When you are dealing with large datasets block by block results streaming may be useful:

    .. code-block:: python

        >>> settings = {'max_block_size': 100000}
        >>> rows_gen = client.execute_iter(
        ...     'QUERY WITH MANY ROWS', settings=settings
        ... )
        >>>
        >>> for row in rows_gen:
        ...     print(row)
        ...


Inserting data
--------------

Insert queries in `Native protocol <https://clickhouse.com/docs/en/interfaces/tcp/>`_
are a little bit tricky because of ClickHouse's columnar nature. And because we're using Python.

INSERT query consists of two parts: query statement and query values. Query values are split into chunks called blocks.
Each block is sent in binary columnar form.

As data in each block is sent in binary we should not serialize into string by
using substitution ``%(a)s`` and then deserialize it back into Python types.

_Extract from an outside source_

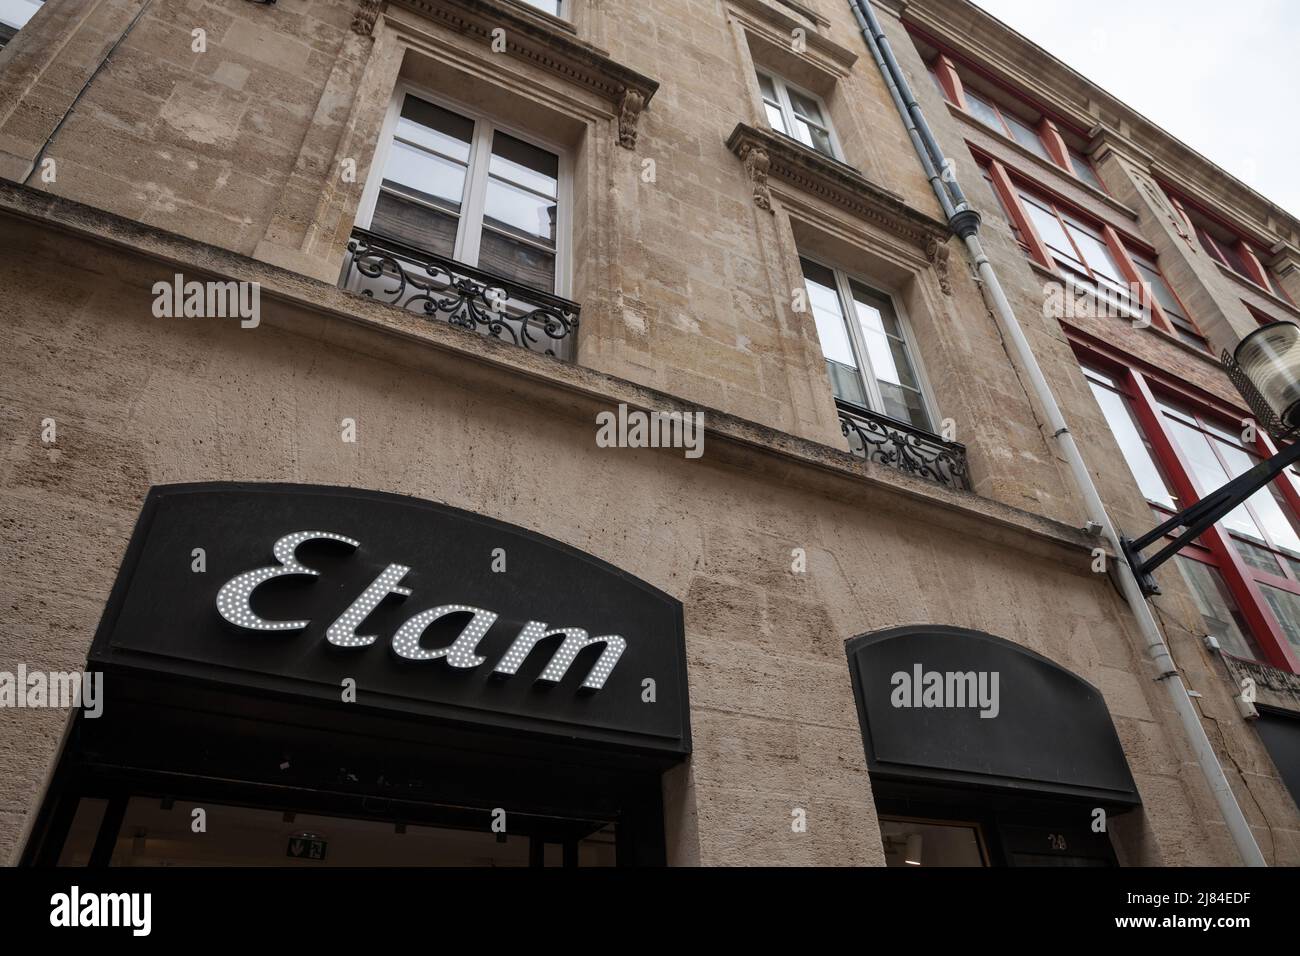 Imagen de un signo de Etam en su tienda en Burdeos, Francia. Etam es una empresa francesa en la industria textil, es un importante actor en Francia en la fi Foto de stock

This INSERT would be extremely slow if executed with thousands rows of data:

    .. code-block:: python

        >>> client.execute(
        ...     'INSERT INTO test (x) VALUES (%(a)s), (%(b)s), ...',
        ...     {'a': 1, 'b': 2, ...}
        ... )


To insert data efficiently, provide data separately, and end your statement with a ``VALUES`` clause:

    .. code-block:: python

        >>> client.execute(
        ...     'INSERT INTO test (x) VALUES',
        ...     [{'x': 1}, {'x': 2}, {'x': 3}, {'x': 100}]
        ... )
        4
        >>> client.execute(
        ...     'INSERT INTO test (x) VALUES',
        ...     [[200]]
        ... )
        1
        >>> client.execute(
        ...     'INSERT INTO test (x) VALUES',
        ...     ((x, ) for x in range(5))
        ... )
        5

You can use any iterable yielding lists, tuples or dicts.

If data is not passed, connection will be terminated after a timeout.

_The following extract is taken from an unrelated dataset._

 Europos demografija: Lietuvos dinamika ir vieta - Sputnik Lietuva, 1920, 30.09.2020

    .. code-block:: python

        >>> client.execute('INSERT INTO test (x) VALUES')  # will hang

The following WILL NOT work:

    .. code-block:: python

        >>> client.execute(
        ...     'INSERT INTO test (x) VALUES (%(a)s), (%(b)s)',
        ...     {'a': 1, 'b': 2}
        ... )


Of course for ``INSERT ... SELECT`` queries data is not needed:

    .. code-block:: python

        >>> client.execute(
        ...     'INSERT INTO test (x) '
        ...     'SELECT * FROM system.numbers LIMIT %(limit)s',
        ...     {'limit': 5}
        ... )
        []

ClickHouse will execute this query like a usual ``SELECT`` query.

Inserting data in different formats with ``FORMAT`` clause is not supported.

See :ref:`insert-from-csv-file` if you need to data in custom format.

DDL
---

DDL queries can be executed in the same way SELECT queries are executed:

    .. code-block:: python

        >>> client.execute('DROP TABLE IF EXISTS test')
        []
        >>> client.execute('CREATE TABLE test (x Int32) ENGINE = Memory')
        []


Async and multithreading
------------------------

Every ClickHouse query is assigned an identifier to enable request execution
tracking. However, ClickHouse native protocol is synchronous: all incoming
queries are executed consecutively. Clickhouse-driver does not yet implement
a connection pool.

To utilize ClickHouse's asynchronous capability you should either use multiple
Client instances or implement a queue.

The same thing is applied to multithreading. Queries from different threads
can't use one Client instance with single connection. You should use different
clients for different threads.

However, if you are using DB API for communication with the server each cursor create
its own Client instance. This makes communication thread-safe.